== PROVIDED DATA ==
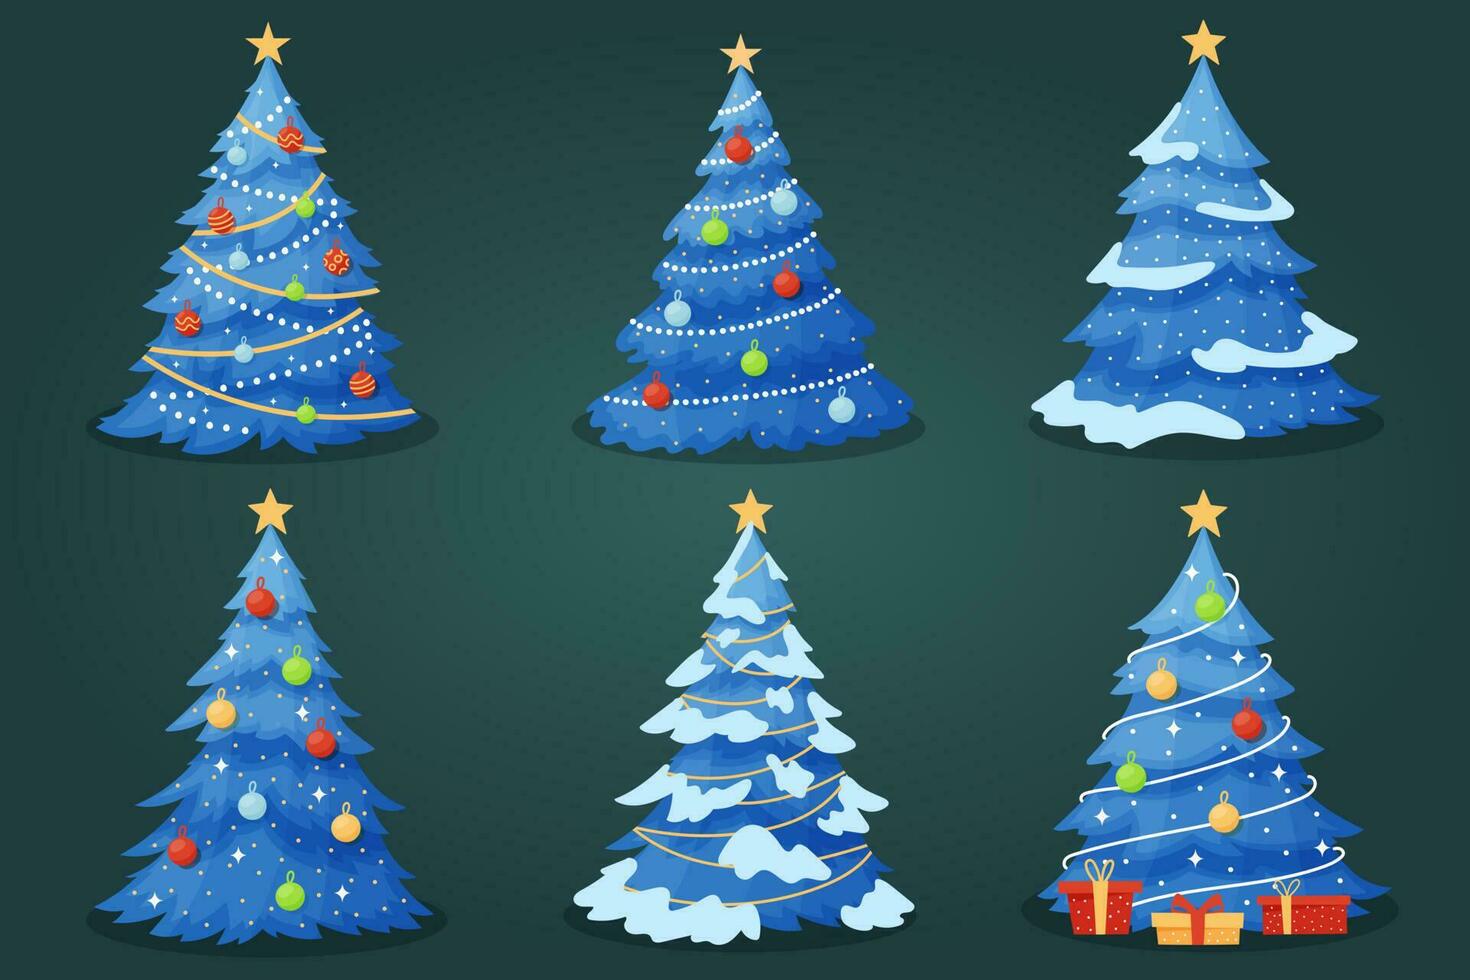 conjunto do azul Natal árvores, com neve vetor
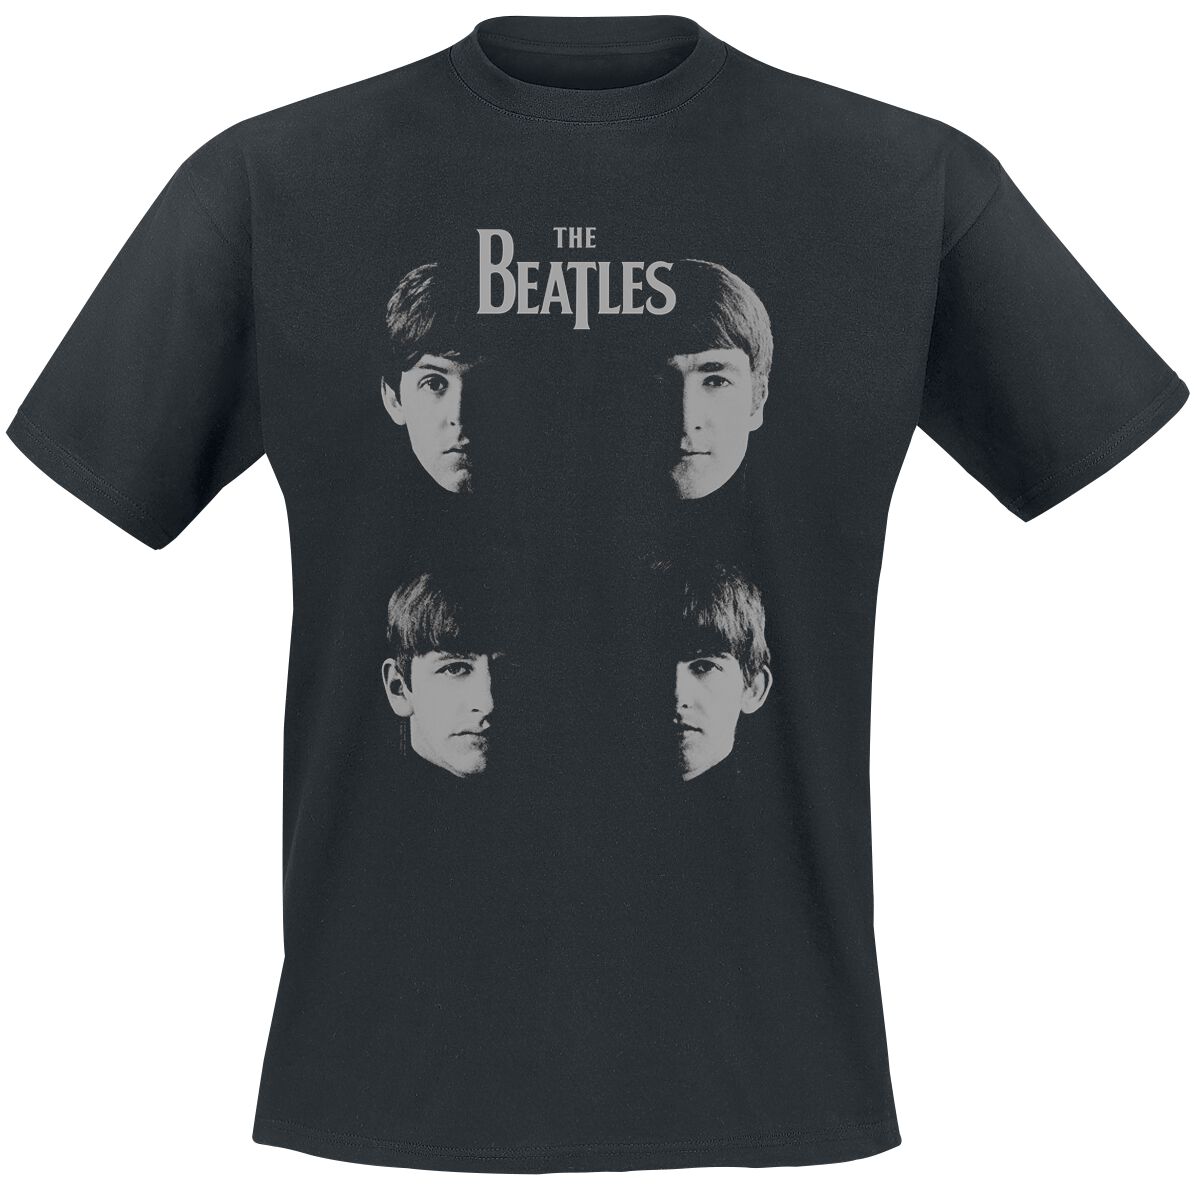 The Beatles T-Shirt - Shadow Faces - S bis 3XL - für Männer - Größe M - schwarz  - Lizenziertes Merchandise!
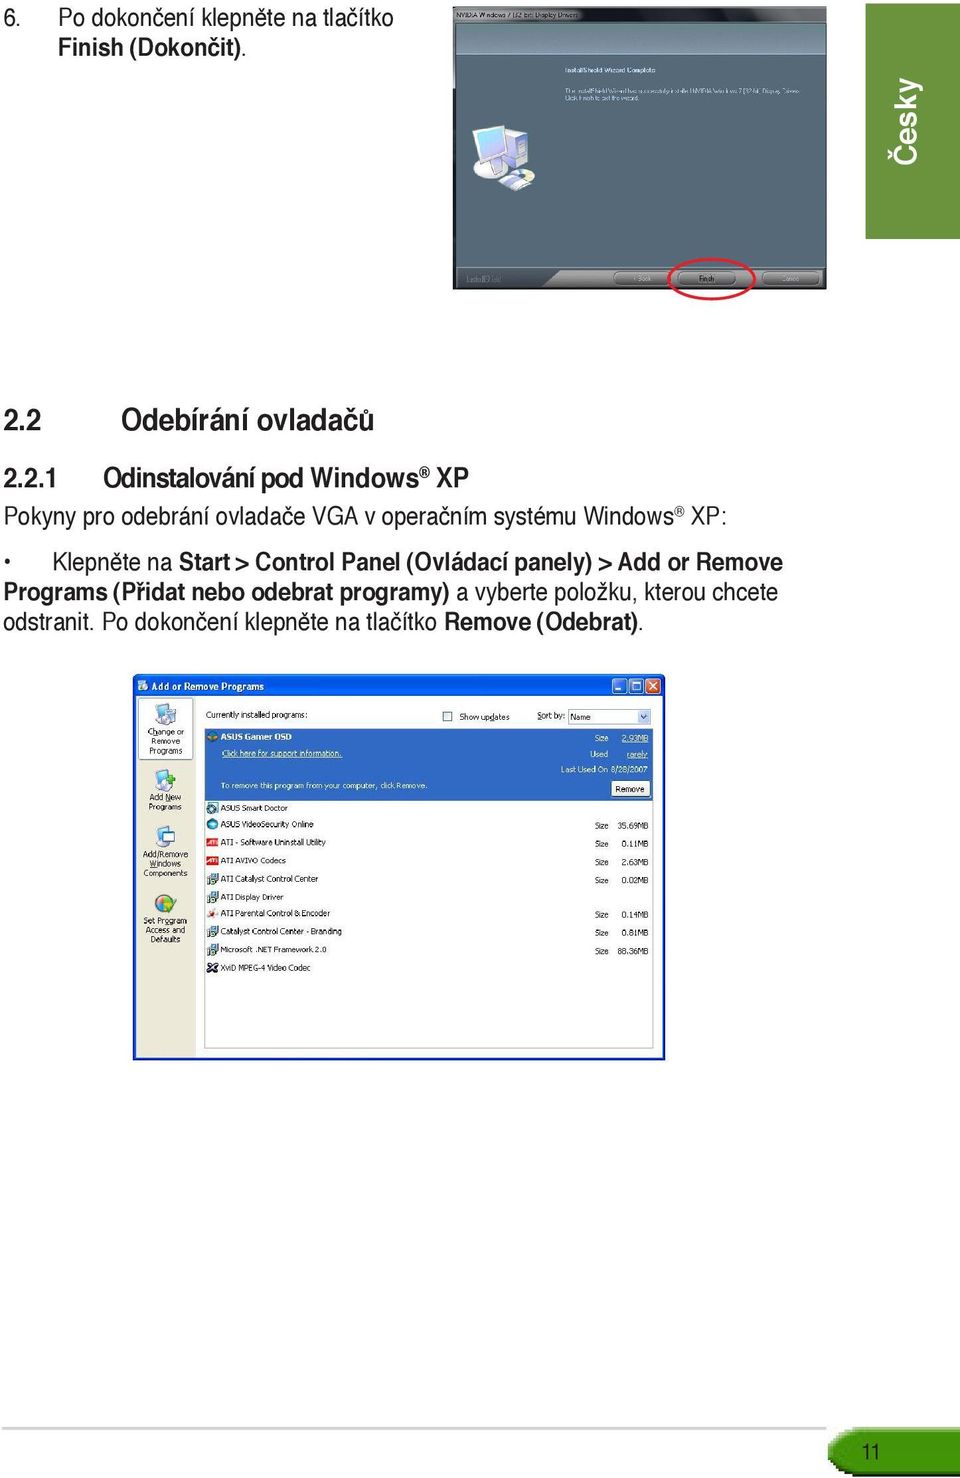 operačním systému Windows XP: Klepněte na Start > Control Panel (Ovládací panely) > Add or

== PROBLEM REQUIREMENTS ==
Leave out the images and copy all remaining data word for word.

== ANSWER TO THE PROBLEM ==
 conjunto do azul Natal árvores, com neve vetor
 The Beatles T-Shirt - Shadow Faces - S bis 3XL - für Männer - Größe M - schwarz  - Lizenziertes Merchandise!
 operačním systému Windows XP: Klepněte na Start > Control Panel (Ovládací panely) > Add or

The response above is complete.